- _Data shown_
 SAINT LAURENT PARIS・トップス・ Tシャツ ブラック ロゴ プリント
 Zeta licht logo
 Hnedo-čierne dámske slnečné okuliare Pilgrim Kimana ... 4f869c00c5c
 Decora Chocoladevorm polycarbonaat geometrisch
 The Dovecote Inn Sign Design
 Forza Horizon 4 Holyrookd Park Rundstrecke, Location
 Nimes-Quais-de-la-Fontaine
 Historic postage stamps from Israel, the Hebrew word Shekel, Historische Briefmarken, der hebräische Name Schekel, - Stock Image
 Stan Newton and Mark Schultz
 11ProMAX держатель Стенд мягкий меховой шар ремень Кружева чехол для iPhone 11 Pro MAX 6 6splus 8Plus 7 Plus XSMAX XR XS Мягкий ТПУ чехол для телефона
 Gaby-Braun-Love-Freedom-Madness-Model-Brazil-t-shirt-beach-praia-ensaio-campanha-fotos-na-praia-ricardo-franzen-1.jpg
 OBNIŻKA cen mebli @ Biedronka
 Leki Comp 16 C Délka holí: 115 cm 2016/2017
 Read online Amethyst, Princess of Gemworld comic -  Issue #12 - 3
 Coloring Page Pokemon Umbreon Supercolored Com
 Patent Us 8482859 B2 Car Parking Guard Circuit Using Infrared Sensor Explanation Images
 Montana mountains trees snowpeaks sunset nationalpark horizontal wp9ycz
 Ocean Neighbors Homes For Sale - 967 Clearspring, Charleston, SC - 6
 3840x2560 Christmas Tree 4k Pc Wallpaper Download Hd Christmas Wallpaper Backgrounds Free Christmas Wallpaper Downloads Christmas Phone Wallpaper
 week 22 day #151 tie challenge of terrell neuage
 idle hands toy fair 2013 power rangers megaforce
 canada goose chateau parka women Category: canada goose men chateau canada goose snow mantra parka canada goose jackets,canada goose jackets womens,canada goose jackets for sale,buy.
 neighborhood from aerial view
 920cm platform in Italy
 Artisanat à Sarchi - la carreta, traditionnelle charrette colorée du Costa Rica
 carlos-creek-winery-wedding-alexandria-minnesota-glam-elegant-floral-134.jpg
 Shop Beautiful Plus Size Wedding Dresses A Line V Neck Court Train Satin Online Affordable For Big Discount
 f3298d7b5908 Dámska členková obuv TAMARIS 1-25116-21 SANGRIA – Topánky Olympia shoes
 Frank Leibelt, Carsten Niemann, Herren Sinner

- _The task_
Take the line above containing "Coloring Page Pokemon", the line containing "920cm platform in Italy", and all lines in between, and copy them exactly without anything else.

- _Output of the task_
 Coloring Page Pokemon Umbreon Supercolored Com
 Patent Us 8482859 B2 Car Parking Guard Circuit Using Infrared Sensor Explanation Images
 Montana mountains trees snowpeaks sunset nationalpark horizontal wp9ycz
 Ocean Neighbors Homes For Sale - 967 Clearspring, Charleston, SC - 6
 3840x2560 Christmas Tree 4k Pc Wallpaper Download Hd Christmas Wallpaper Backgrounds Free Christmas Wallpaper Downloads Christmas Phone Wallpaper
 week 22 day #151 tie challenge of terrell neuage
 idle hands toy fair 2013 power rangers megaforce
 canada goose chateau parka women Category: canada goose men chateau canada goose snow mantra parka canada goose jackets,canada goose jackets womens,canada goose jackets for sale,buy.
 neighborhood from aerial view
 920cm platform in Italy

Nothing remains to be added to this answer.